RECORDS PROVIDED below:
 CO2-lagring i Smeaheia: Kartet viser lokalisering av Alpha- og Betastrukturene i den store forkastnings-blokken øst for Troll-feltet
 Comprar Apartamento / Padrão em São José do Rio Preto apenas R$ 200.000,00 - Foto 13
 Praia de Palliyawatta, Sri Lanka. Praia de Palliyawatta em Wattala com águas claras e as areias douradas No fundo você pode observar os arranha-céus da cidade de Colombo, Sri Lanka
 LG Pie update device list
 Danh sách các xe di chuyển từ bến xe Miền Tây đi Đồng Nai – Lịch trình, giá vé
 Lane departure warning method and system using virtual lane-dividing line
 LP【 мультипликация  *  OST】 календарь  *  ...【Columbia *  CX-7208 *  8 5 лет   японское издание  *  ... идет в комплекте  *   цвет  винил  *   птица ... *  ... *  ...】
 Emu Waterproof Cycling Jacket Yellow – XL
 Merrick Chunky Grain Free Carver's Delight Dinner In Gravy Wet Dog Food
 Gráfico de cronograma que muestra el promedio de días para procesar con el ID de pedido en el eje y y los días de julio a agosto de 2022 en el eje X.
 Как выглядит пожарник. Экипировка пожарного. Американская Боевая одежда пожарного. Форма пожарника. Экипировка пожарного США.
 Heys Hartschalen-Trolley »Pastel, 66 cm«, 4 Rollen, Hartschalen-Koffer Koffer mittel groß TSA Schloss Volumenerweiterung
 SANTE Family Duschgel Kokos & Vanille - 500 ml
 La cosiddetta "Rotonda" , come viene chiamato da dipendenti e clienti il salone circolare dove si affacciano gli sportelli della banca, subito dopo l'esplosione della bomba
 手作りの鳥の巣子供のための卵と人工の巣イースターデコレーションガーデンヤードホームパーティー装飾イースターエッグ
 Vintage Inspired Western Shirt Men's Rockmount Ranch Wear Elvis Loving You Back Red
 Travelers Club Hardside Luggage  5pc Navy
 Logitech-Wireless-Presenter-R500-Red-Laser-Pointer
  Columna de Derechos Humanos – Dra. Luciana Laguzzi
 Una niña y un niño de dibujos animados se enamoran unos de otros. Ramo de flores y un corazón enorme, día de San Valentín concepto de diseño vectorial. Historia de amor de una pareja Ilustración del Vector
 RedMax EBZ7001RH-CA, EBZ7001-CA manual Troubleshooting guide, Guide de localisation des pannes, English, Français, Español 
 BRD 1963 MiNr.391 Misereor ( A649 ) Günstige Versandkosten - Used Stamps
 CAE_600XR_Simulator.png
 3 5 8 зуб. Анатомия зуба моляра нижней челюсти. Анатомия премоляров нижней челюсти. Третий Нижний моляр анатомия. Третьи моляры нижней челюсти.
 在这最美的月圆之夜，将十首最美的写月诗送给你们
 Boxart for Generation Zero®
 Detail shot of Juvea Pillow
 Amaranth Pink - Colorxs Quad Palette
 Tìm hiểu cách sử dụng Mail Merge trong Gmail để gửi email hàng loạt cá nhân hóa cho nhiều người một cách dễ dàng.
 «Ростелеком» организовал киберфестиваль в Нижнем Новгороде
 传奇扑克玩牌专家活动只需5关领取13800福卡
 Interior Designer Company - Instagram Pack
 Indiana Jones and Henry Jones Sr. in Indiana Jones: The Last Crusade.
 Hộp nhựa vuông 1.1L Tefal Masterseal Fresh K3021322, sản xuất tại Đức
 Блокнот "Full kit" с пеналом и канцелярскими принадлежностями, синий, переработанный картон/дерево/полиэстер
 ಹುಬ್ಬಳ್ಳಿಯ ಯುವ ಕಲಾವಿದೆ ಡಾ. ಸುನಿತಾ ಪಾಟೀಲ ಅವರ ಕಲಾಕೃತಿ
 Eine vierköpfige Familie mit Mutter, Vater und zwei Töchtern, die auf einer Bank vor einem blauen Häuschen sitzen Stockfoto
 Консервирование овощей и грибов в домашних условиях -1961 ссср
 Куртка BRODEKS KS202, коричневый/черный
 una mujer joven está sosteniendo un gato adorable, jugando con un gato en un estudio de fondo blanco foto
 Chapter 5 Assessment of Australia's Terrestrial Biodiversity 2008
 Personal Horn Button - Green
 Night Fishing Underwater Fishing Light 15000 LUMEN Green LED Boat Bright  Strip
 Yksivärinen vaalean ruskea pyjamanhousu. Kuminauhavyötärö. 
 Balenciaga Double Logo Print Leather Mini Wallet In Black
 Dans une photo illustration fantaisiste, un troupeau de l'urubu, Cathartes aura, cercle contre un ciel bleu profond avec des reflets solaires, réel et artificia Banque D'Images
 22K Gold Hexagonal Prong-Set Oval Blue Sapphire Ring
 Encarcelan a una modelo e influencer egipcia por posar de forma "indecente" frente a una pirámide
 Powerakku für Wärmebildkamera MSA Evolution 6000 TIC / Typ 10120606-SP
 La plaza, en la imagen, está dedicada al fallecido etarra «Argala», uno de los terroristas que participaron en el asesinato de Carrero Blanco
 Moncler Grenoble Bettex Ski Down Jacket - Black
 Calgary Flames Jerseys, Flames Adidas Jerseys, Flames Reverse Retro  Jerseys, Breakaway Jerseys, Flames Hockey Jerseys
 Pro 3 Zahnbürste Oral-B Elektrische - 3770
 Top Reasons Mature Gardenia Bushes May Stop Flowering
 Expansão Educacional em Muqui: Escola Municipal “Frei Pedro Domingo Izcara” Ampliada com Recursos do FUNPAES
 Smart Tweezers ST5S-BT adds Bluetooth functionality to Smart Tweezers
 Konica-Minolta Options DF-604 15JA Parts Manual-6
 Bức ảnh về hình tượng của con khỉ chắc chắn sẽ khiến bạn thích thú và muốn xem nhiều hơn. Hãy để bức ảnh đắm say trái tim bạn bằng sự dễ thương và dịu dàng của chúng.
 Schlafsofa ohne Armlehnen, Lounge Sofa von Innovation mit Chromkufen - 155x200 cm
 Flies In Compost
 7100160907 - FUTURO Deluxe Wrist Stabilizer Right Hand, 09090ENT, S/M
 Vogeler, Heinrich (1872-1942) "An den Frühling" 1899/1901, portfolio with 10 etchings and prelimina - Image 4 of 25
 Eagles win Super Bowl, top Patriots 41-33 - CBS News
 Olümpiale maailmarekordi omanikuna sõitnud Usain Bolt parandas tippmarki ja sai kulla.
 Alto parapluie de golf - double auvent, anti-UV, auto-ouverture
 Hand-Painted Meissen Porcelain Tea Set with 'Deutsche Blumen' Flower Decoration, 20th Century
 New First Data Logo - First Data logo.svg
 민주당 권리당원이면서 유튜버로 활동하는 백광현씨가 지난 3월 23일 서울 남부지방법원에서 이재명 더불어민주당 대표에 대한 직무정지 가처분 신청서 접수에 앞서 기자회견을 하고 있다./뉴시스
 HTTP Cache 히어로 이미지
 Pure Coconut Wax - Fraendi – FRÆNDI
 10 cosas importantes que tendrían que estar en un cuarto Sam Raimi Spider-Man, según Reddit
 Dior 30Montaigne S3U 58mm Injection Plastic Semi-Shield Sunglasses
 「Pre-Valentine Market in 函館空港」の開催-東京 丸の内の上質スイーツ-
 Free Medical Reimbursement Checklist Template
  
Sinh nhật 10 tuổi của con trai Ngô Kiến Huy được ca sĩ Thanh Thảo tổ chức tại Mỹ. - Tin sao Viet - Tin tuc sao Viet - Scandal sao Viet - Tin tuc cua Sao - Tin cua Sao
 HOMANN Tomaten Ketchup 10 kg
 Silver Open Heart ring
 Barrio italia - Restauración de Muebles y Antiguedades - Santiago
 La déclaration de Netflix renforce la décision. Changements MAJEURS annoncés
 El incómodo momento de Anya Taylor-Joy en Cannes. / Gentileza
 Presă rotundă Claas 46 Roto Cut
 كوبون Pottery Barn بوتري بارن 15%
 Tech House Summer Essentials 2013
End of RECORDS PROVIDED.
### WORK INSTRUCTIONS
From the entries above, copy every line that holds the word "Green".

### TASK RESULT
 Personal Horn Button - Green
 Night Fishing Underwater Fishing Light 15000 LUMEN Green LED Boat Bright  Strip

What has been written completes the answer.